* [DATASET CONTENT]:
====
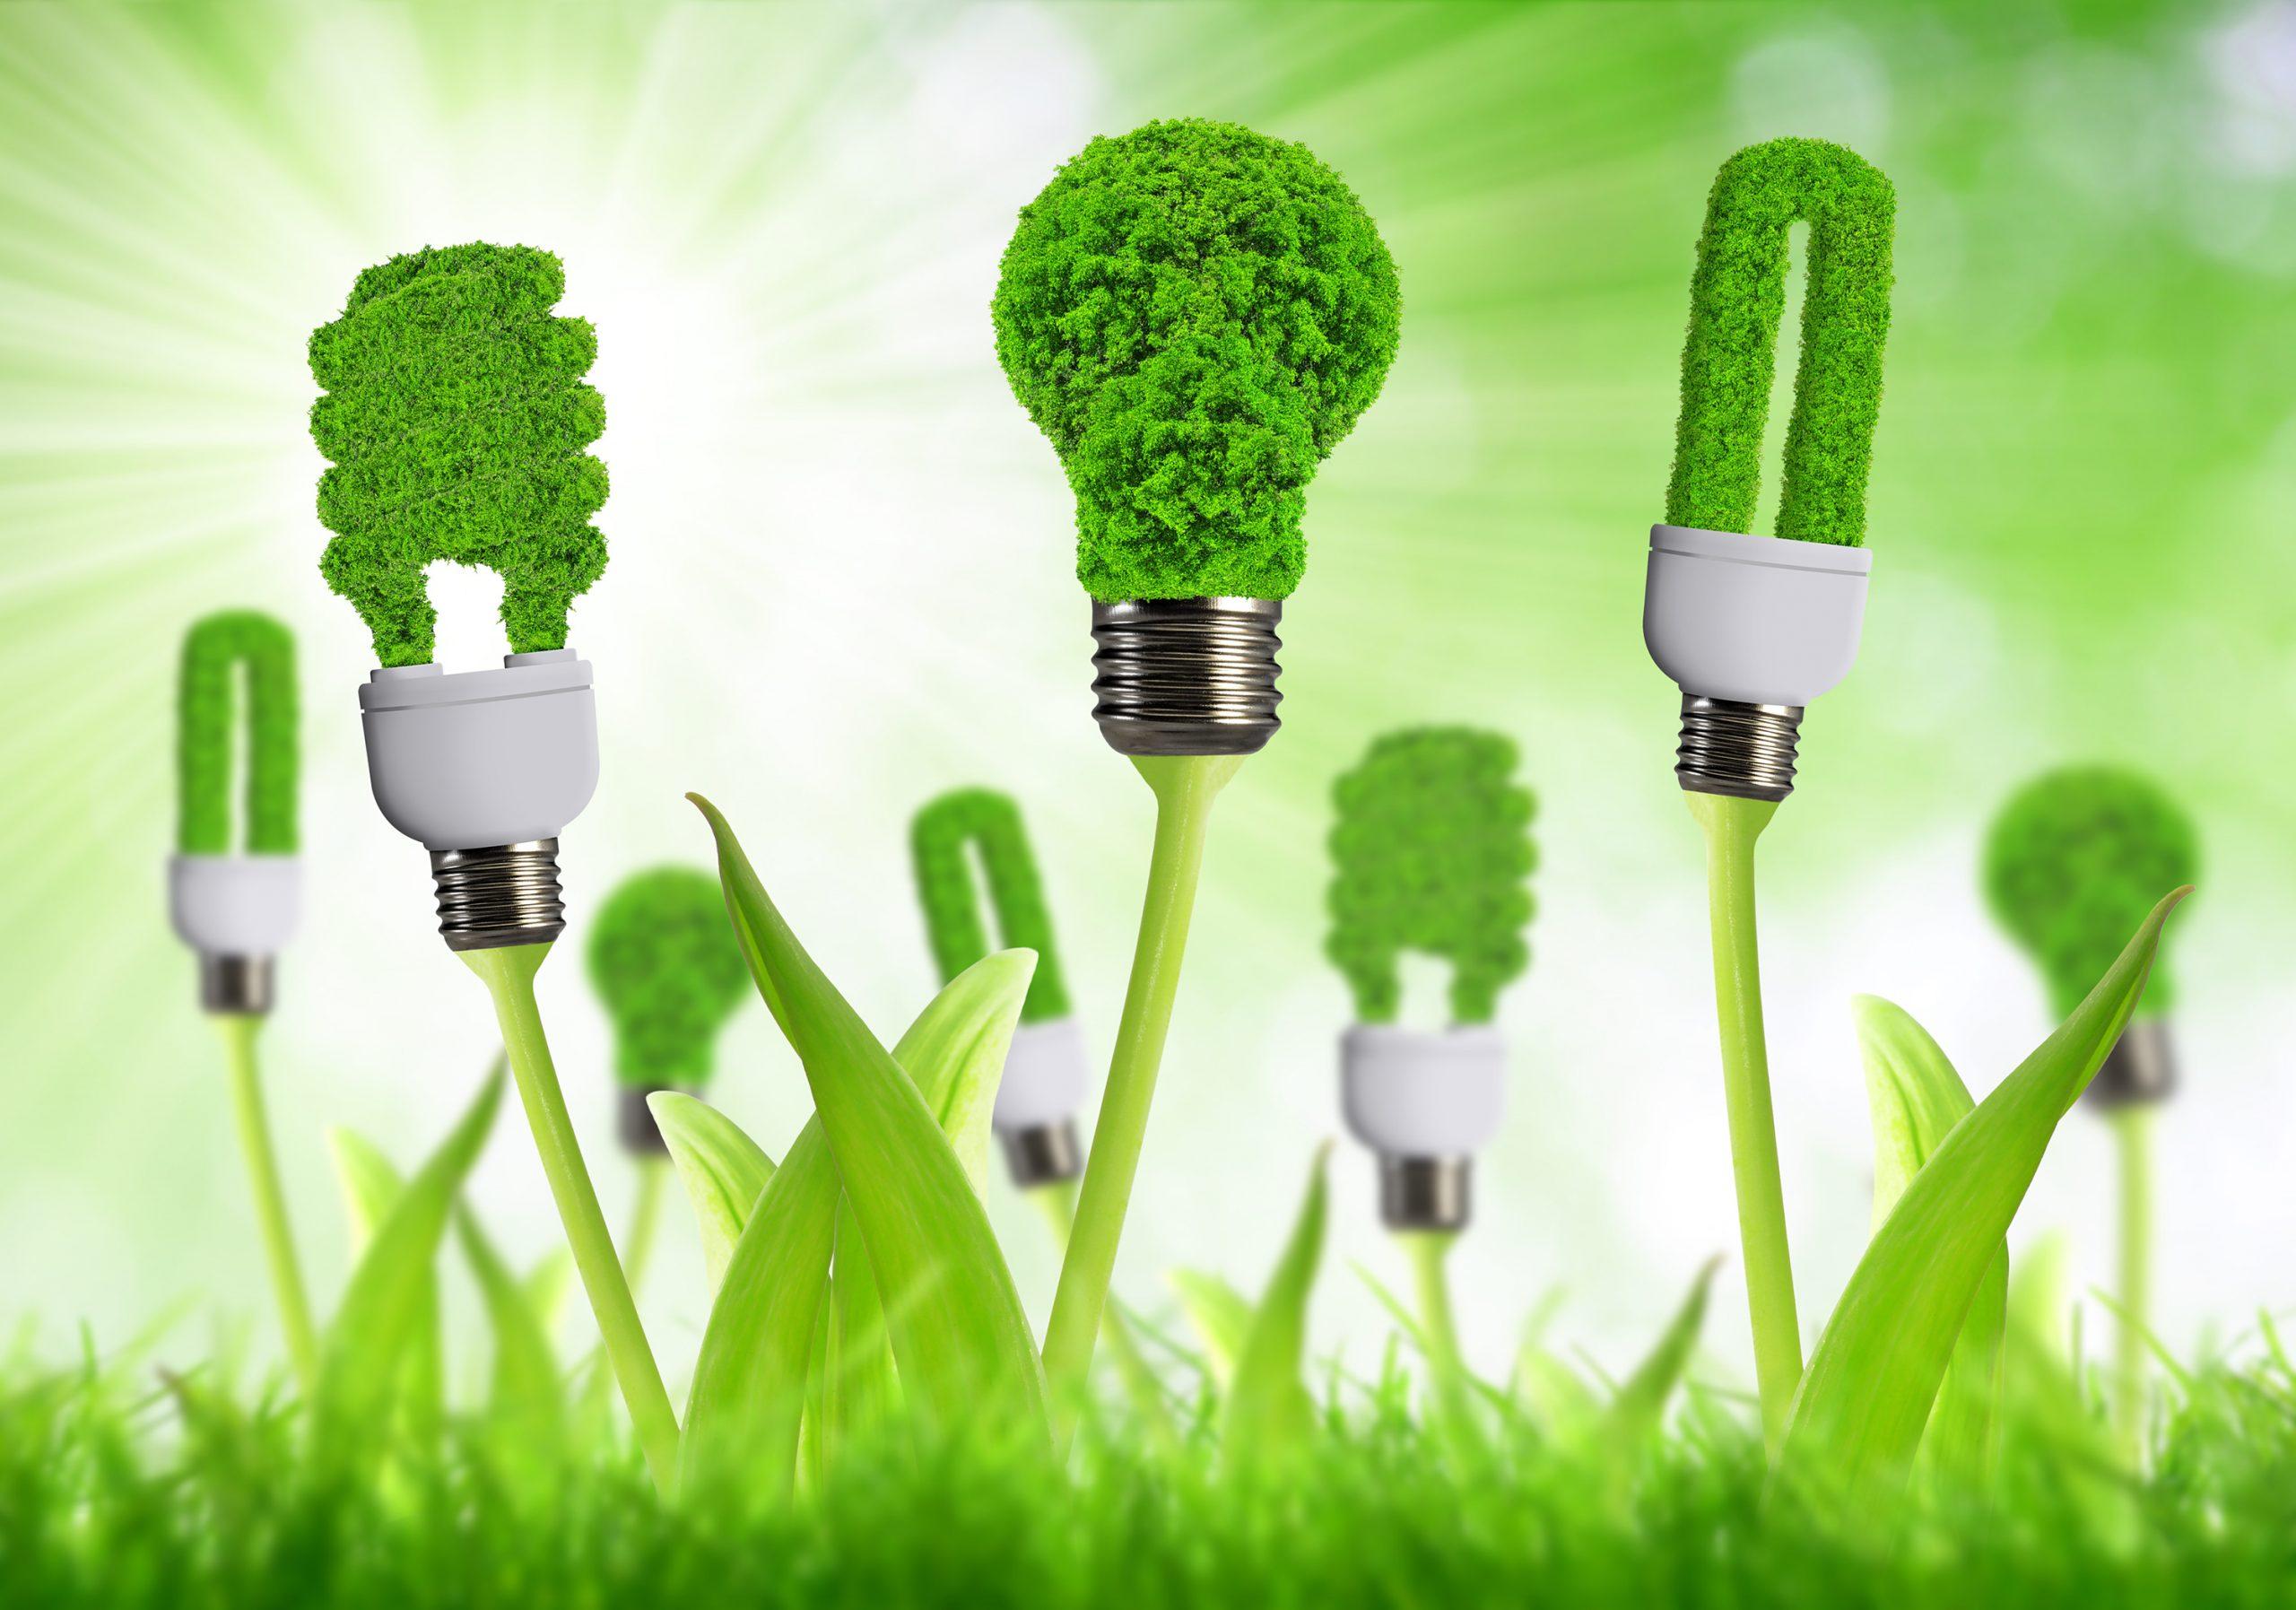 eco energy bulbs
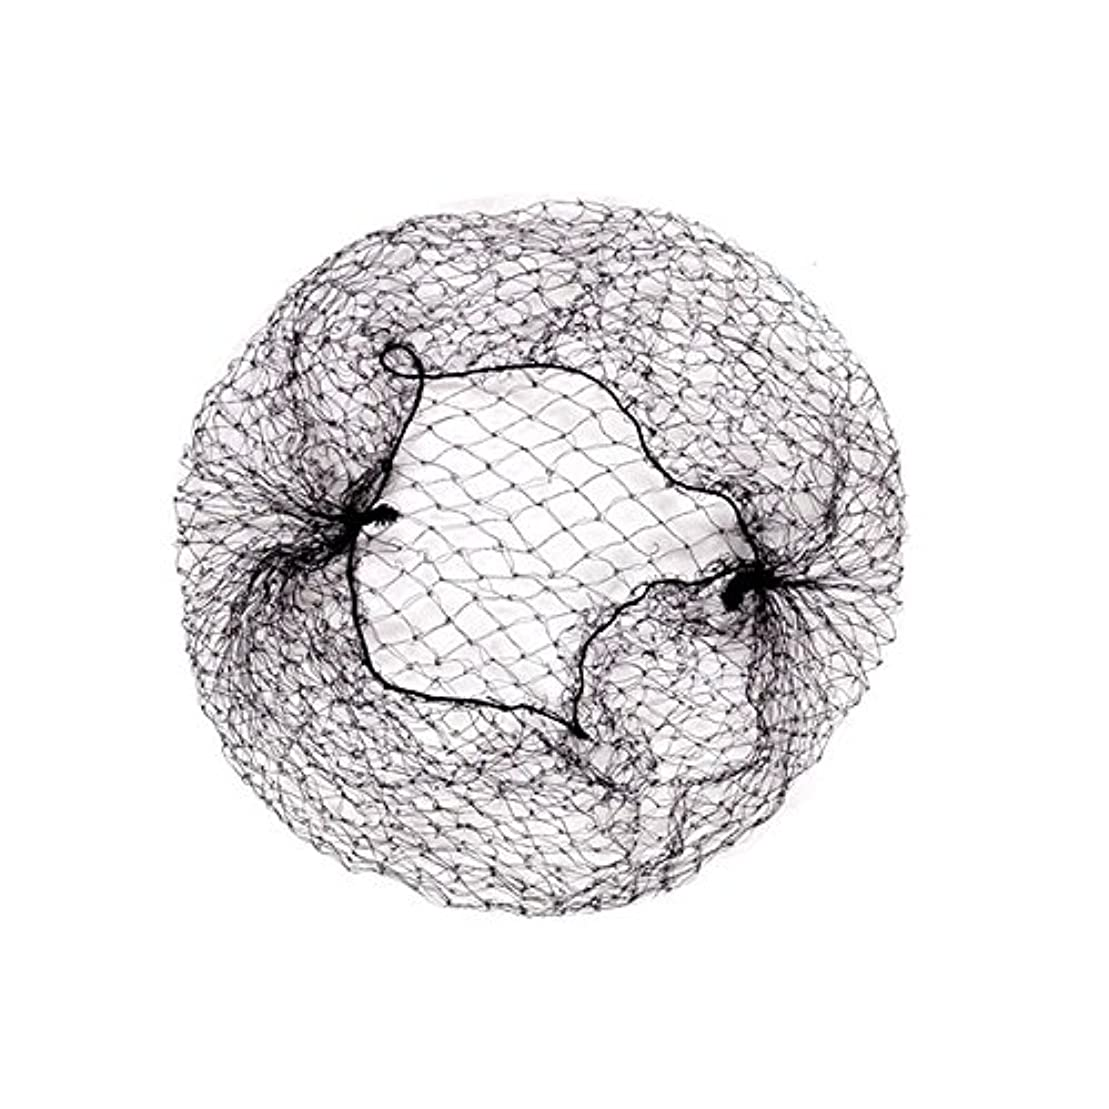 超越する専門化する中央髪束ねネットセット(アシアナネット) ファッション小物 60枚セット
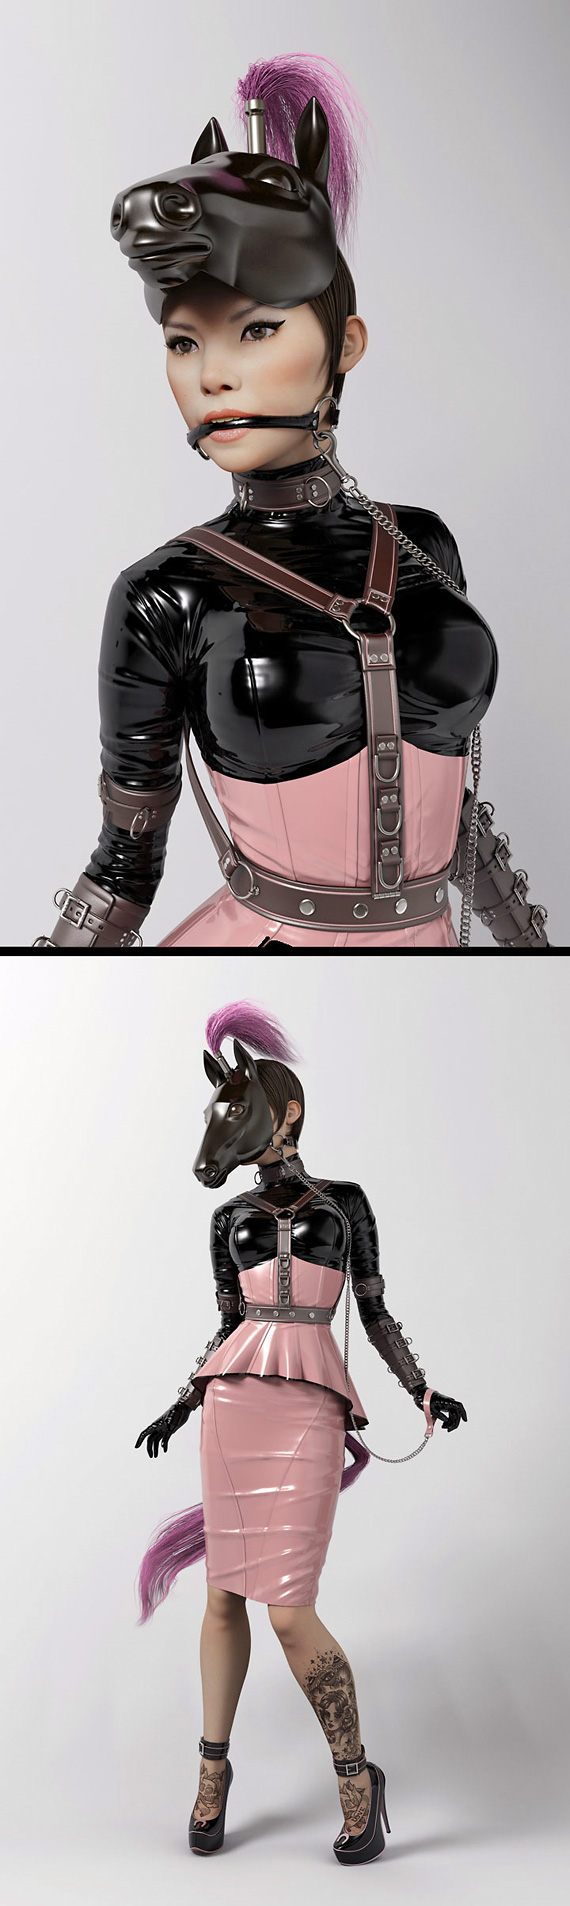 Women As Inspiration for 3D Art 18
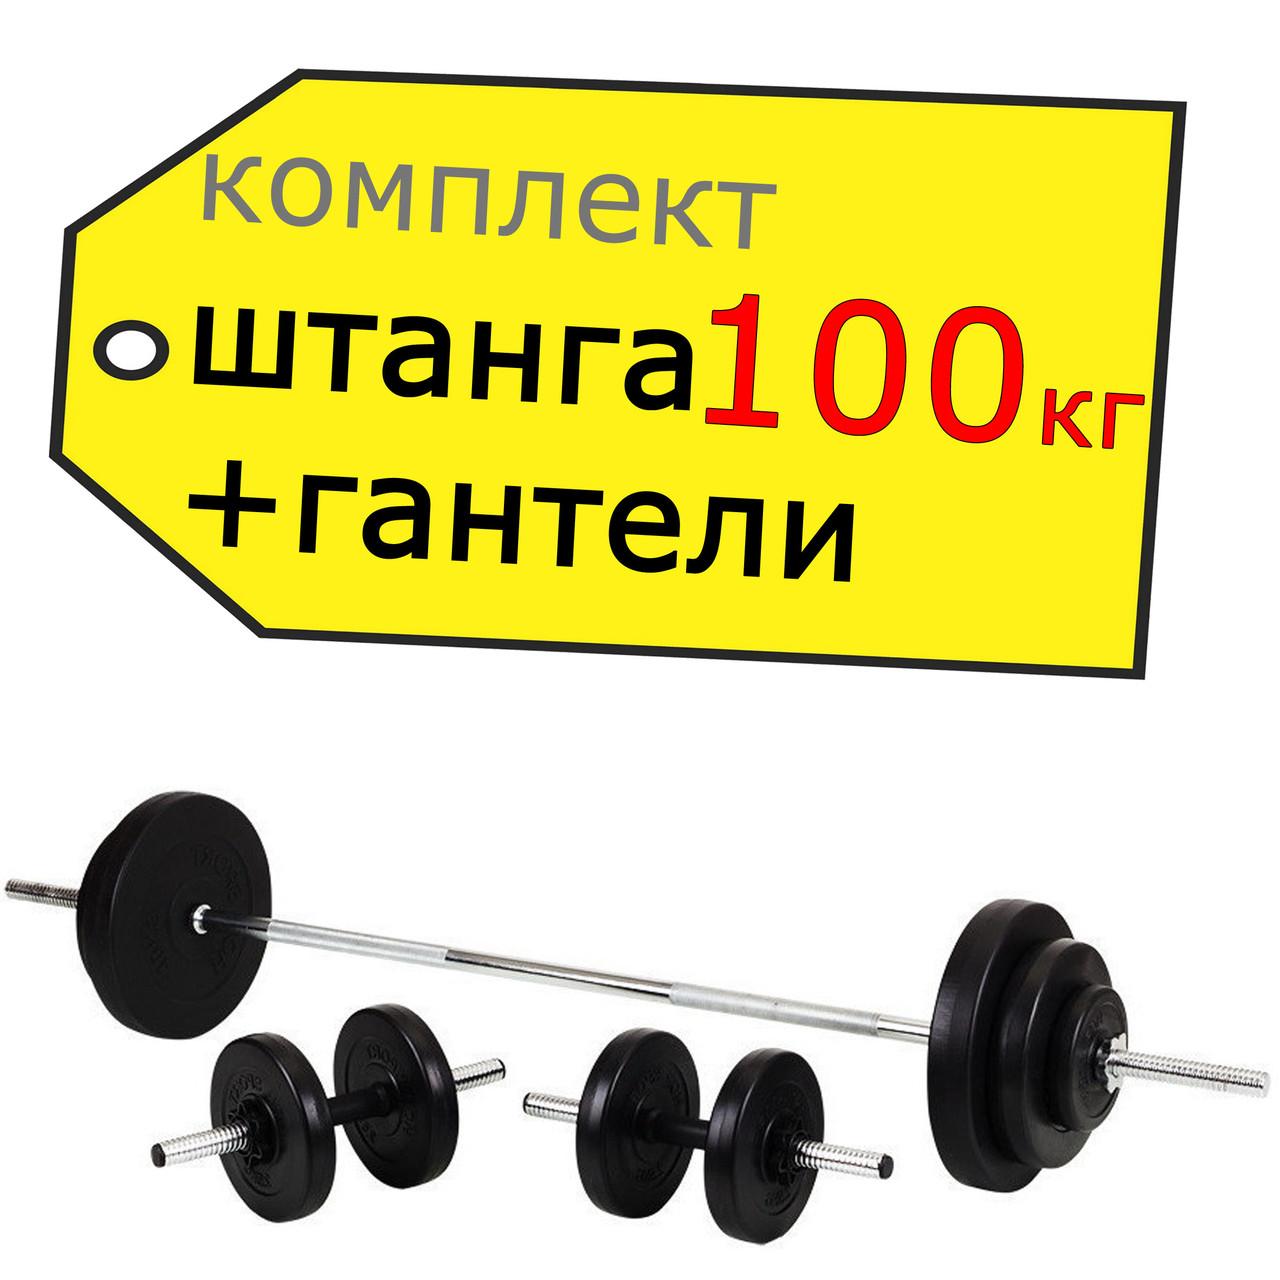 Штанга 100 кг прямая фиксированная + Гантели 2*26 кг разборные (комплект пряма штанга + гантелі розбірні)
====
* [TASK DIRECTIONS]: Excluding the pictures, retype the line containing "Women As Inspiration for 3D Art 18" and all lines after it down to the end of the data above.

* [ANSWER]:
 Women As Inspiration for 3D Art 18
 Штанга 100 кг прямая фиксированная + Гантели 2*26 кг разборные (комплект пряма штанга + гантелі розбірні)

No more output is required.